Now we will use SageMaker ModelBuilder class to prepare the model for local and remote deployment.

We are using a ResNet50 model using `ModelBuilder` with Triton model server to deploy a PyTorch model on local machine. Then we use `Mode` to switch between local testing and deploying to a SageMaker Endpoint. 

In [None]:
from sagemaker.serve import ModelBuilder, SchemaBuilder, Mode
from sagemaker.serve import ModelServer
from torchvision.transforms import transforms
from torchvision.models import resnet50, ResNet50_Weights
from pathlib import Path
from PIL import Image
import torch

import boto3, sagemaker

# Load model
resnet_model = resnet50(weights=ResNet50_Weights.DEFAULT)
resnet_model.eval()

# Define image transformation
transform = transforms.Compose([
    transforms.Resize(256),
    transforms.CenterCrop(224),
    transforms.ToTensor(),
    transforms.Normalize(mean=[0.485, 0.456, 0.406], std=[0.229, 0.224, 0.225]),
])

# Get sample input
image_path = Path('./pytorch/zidane.jpeg').resolve()
image = Image.open(str(image_path))
sample_input = transform(image).unsqueeze(0)


with torch.no_grad():
    sample_output = resnet_model(sample_input)

In [None]:
from sagemaker import get_execution_role, Session, image_uris
import boto3
sagemaker_session = Session()
region = boto3.Session().region_name

# get execution role
# please use execution role if you are using notebook instance or update the role arn if you are using a different role
execution_role = get_execution_role() if get_execution_role() is not None else "your-role-arn"

In [None]:
runtime_sm_client = boto3.client("sagemaker-runtime")
sagemaker_session = sagemaker.Session(boto_session=boto3.Session())
triton_working_dir = str(Path('./triton_working_dir').resolve())
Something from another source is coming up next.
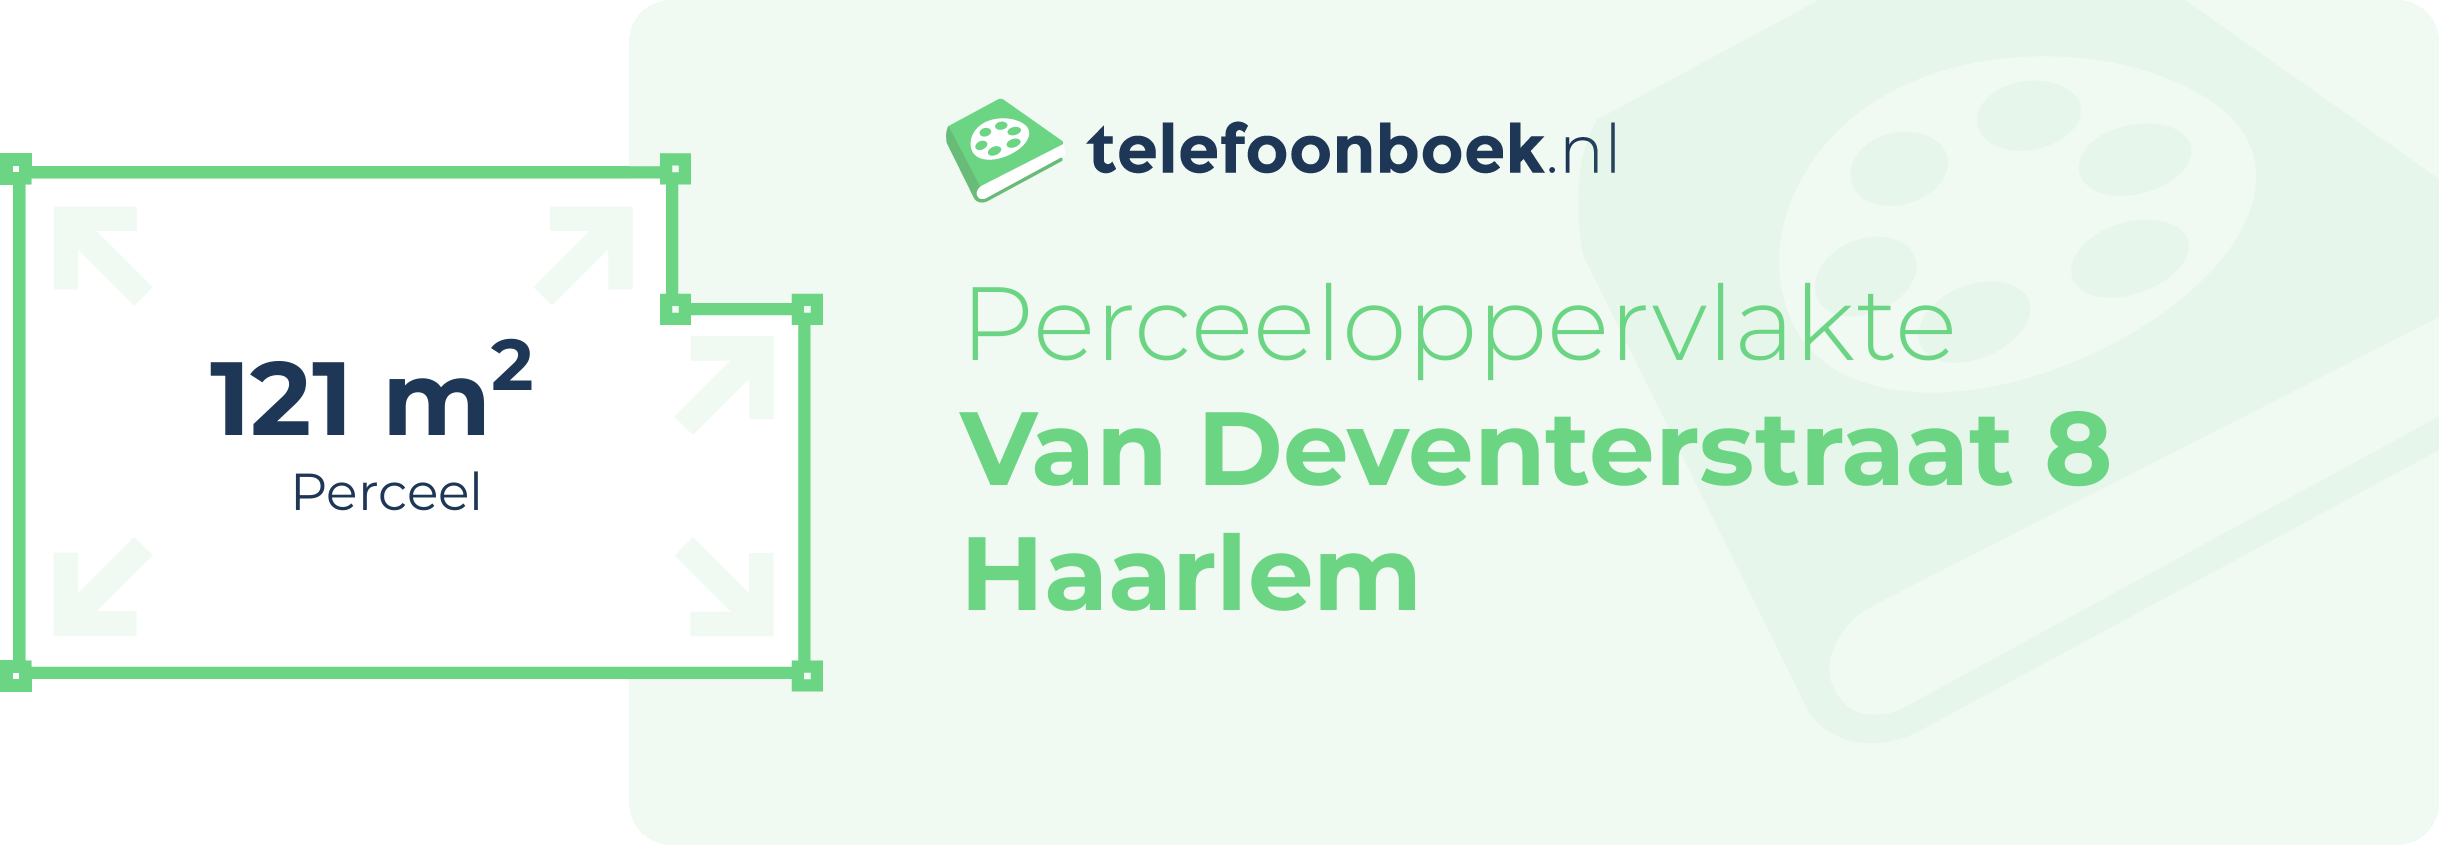 Perceeloppervlakte Van Deventerstraat 8 Haarlem

triton_model = ModelBuilder(
    model=resnet_model,
    schema_builder=SchemaBuilder(sample_input=sample_input, sample_output=sample_output),
    model_path=triton_working_dir, # Optional
    role_arn=execution_role,
    sagemaker_session=sagemaker_session,
    model_server=ModelServer.TRITON,
    mode=Mode.LOCAL_CONTAINER
).build()

In [None]:
triton_local_predictor = triton_model.deploy()

In [None]:
triton_local_predictor.predict(sample_input)
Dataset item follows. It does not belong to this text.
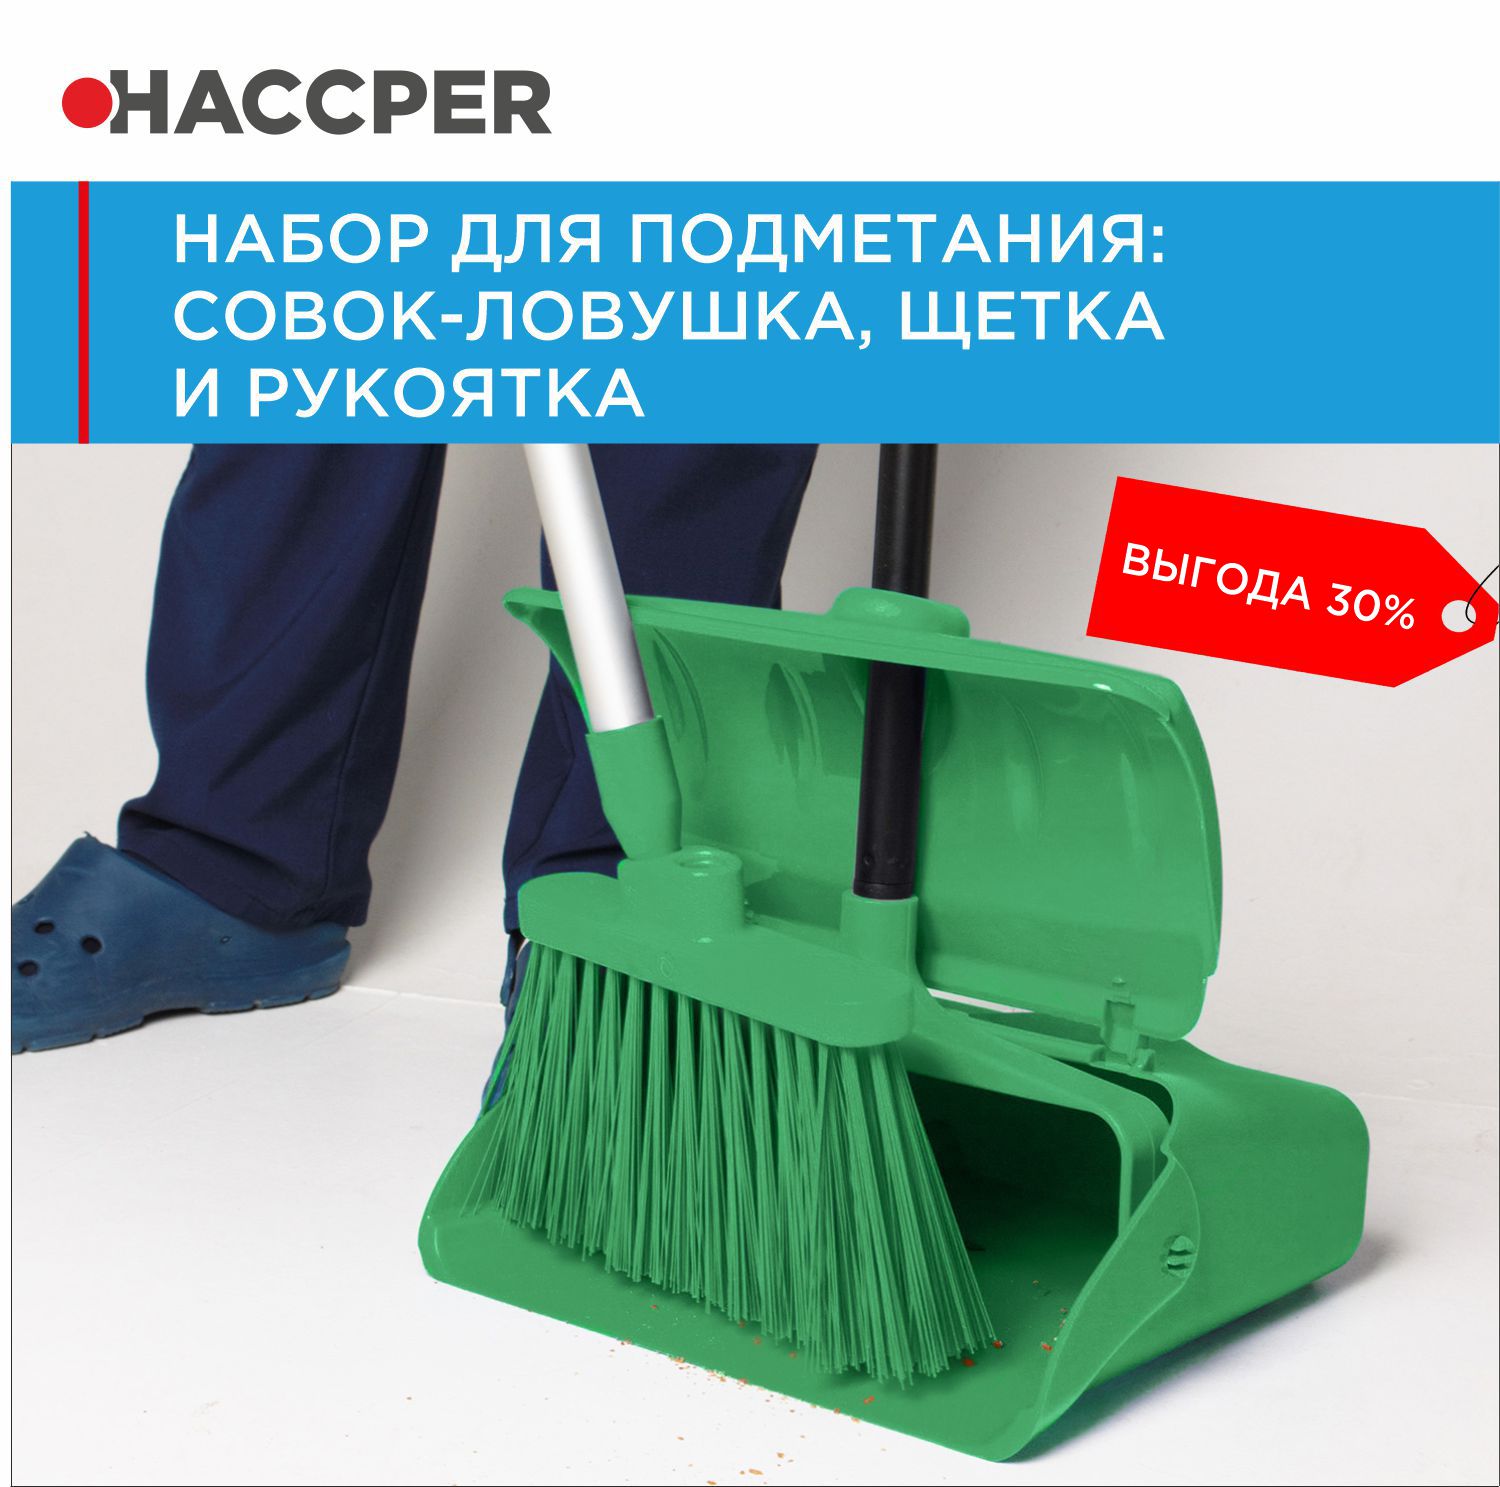 Набор для подметания  HACCPER совок-ловушка, щетка и рукоятка, зеленый

### SageMaker ModelBuilder: Deploy to a SageMaker Endpoint

Now we have tested the model prediction locally, we can continue to deploy the model to a SageMaker endpoint.We do that by switching `mode` to deploy on SageMaker endpoint. We also need to make sure we supply `role`, `initial_instance_count` and `instance_type`.

In [None]:
triton_predictor = triton_model.deploy(
    mode=Mode.SAGEMAKER_ENDPOINT, 
    role=execution_role,
    initial_instance_count=1,
    instance_type="ml.g4dn.2xlarge"
)

In [None]:
triton_predictor.predict(sample_input)

## Clean up

In [None]:
triton_local_predictor.delete_predictor()
triton_predictor.delete_model()
triton_predictor.delete_endpoint()